We'll use the Breast Cancer Wisconsin dataset - a medium-sized dataset perfect for comparing boosting algorithms.

**Dataset Info:**
- 569 samples
- 30 features (computed from breast mass images)
- Binary classification: malignant (1) or benign (0)

In [None]:
data = load_breast_cancer()
X = pd.DataFrame(data.data, columns=data.feature_names)
y = data.target

print(f"Dataset shape: {X.shape}")
print(f"\nFirst few rows:")
print(X.head())
print(f"\nTarget distribution:")
print(pd.Series(y).value_counts())

## 2. Train-Test Split

Split the data into training and testing sets.

In [None]:
X_train, X_test, y_train, y_test = train_test_split(
    X, y, test_size=0.2, random_state=42, stratify=y
)

print(f"Training set size: {X_train.shape[0]}")
print(f"Test set size: {X_test.shape[0]}")

## 3. Train Boosting Models

### Task: Train three boosting models

**Hints:**
1. **AdaBoost**: 
   - Use `AdaBoostClassifier` from sklearn
   - Key parameters: `n_estimators`, `learning_rate`, `random_state`
   - Try n_estimators=100, learning_rate=1.0
      - experiment with different learning rates

2. **XGBoost**:
   - Use `XGBClassifier`
   - Key parameters: `n_estimators`, `learning_rate`, `max_depth`, `random_state`
   - Try n_estimators=100, learning_rate=0.1, max_depth=3
      - experiment with different max_depth values

3. **LightGBM**:
   - Use `LGBMClassifier`
   - Key parameters: `n_estimators`, `learning_rate`, `max_depth`, `random_state`
   - Try n_estimators=100, learning_rate=0.1, max_depth=3
   - Set `verbose=-1` to suppress output
      - experiment with different learning rates

**TODO:** Create three model instances and train them.
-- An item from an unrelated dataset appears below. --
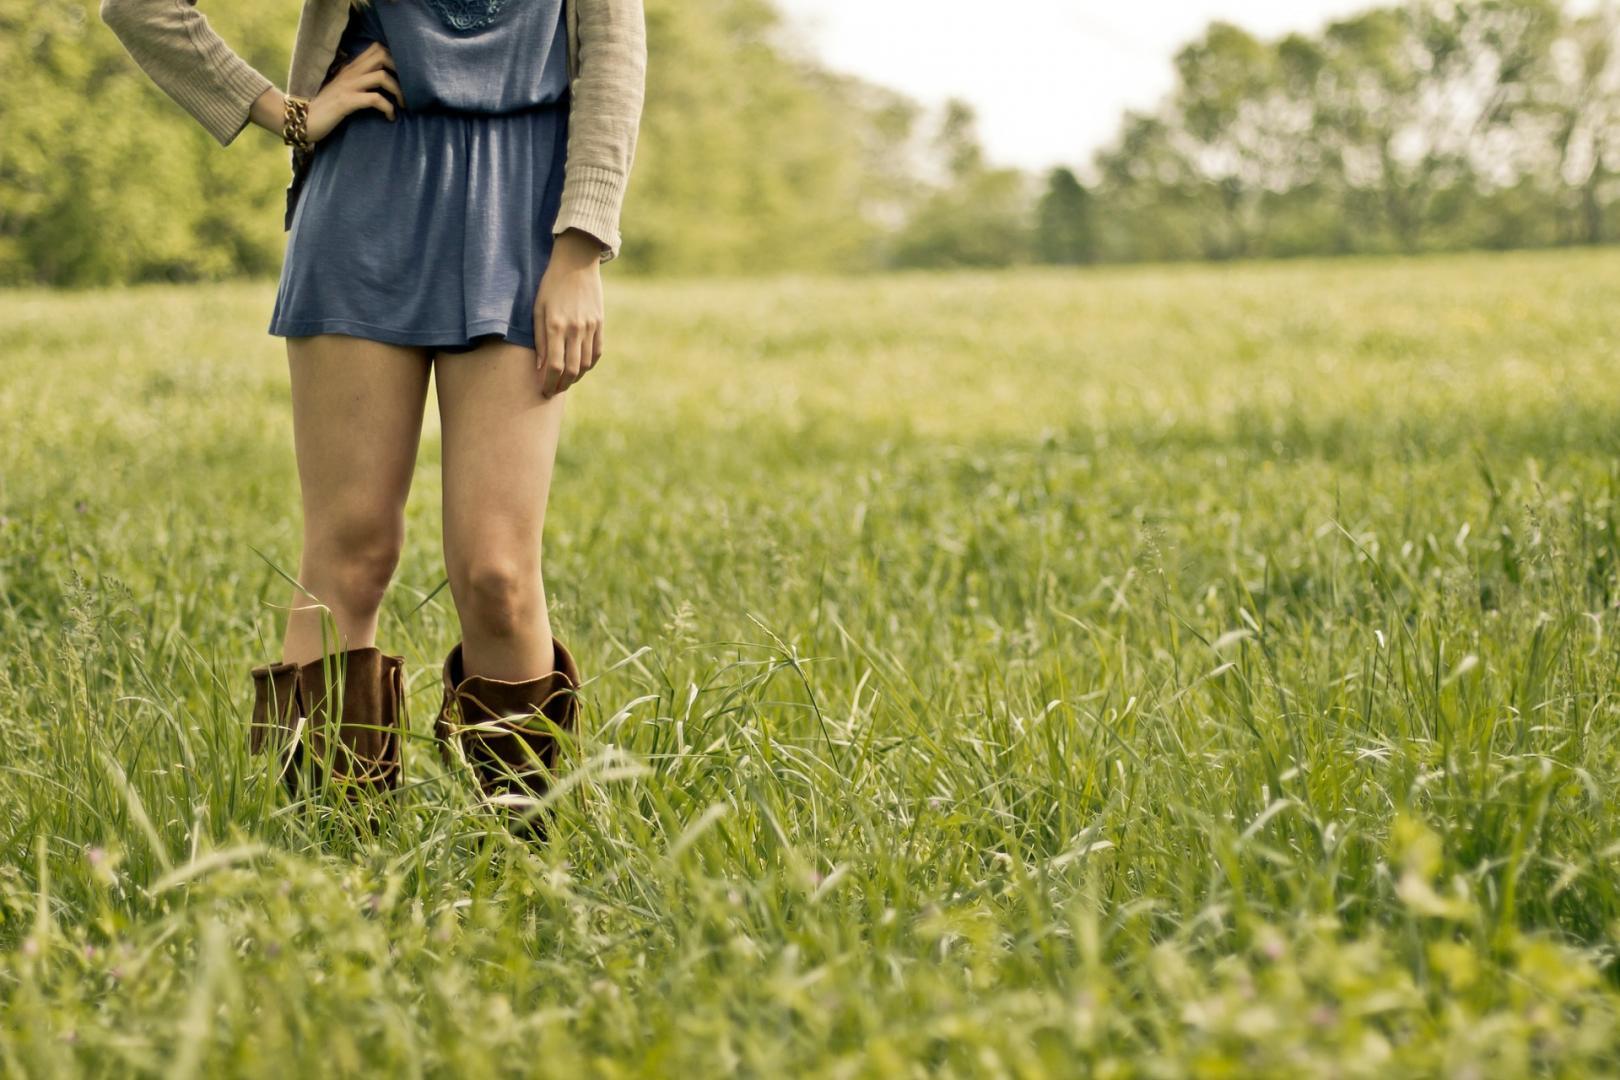 Countrygirl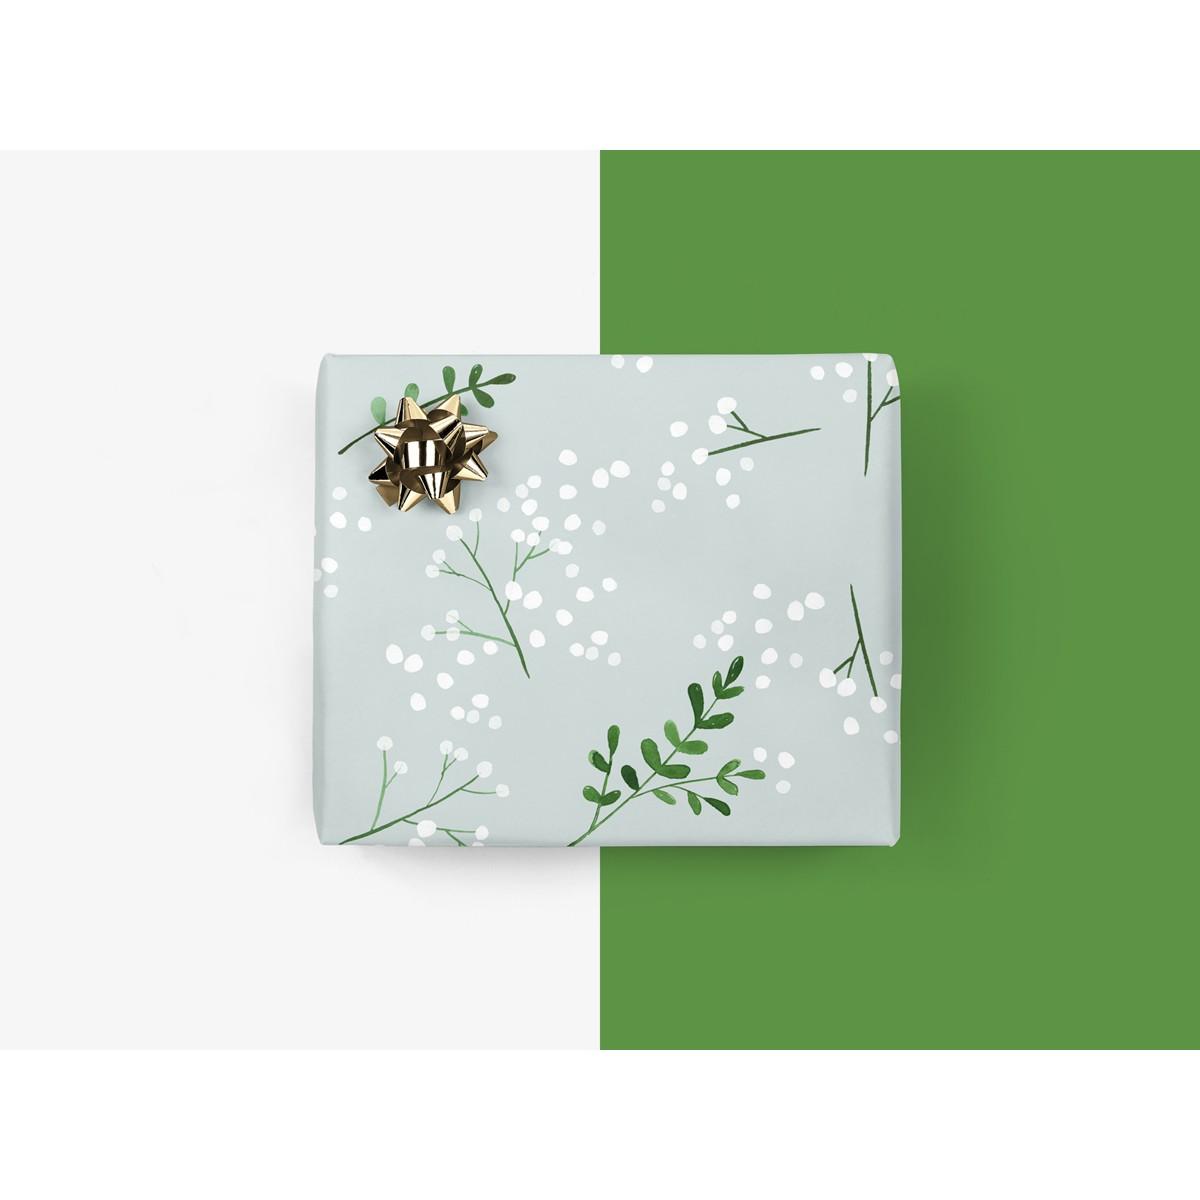 5x Geschenkpapier / Berries No. 2 (gefaltet)

Track training time for each model.

In [None]:
models = {}
training_times = {}

# TODO: Initialize AdaBoost model
# ada_model = ...

# TODO: Initialize XGBoost model
# xgb_model = ...

# TODO: Initialize LightGBM model
# lgbm_model = ...

# TODO: Train each model and record training time
# Example pattern:
# start_time = time.time()
# model.fit(X_train, y_train)
# training_times['ModelName'] = time.time() - start_time
# models['ModelName'] = model

print("Training complete!")
print("\nTraining times:")
for name, t in training_times.items():
    print(f"{name}: {t:.4f} seconds")

## 4. Evaluate Models

### Task: Make predictions and evaluate each model

**Hints:**
- Use `.predict()` to get class predictions
- Use `.predict_proba()` to get probability predictions (for ROC curves)
- Calculate accuracy using `accuracy_score()`
- Print classification reports using `classification_report()`

**TODO:** Generate predictions and calculate accuracy for each model.

In [None]:
results = {}

# TODO: For each model, make predictions and calculate accuracy
# Example pattern:
# y_pred = model.predict(X_test)
# y_pred_proba = model.predict_proba(X_test)[:, 1]
# acc = accuracy_score(y_test, y_pred)
# results['ModelName'] = {'accuracy': acc, 'y_pred': y_pred, 'y_pred_proba': y_pred_proba}

# Print results
print("\n" + "="*50)
print("Model Performance Summary")
print("="*50)
for name, result in results.items():
    print(f"\n{name}:")
    print(f"Accuracy: {result['accuracy']:.4f}")
    print(f"Training Time: {training_times[name]:.4f}s")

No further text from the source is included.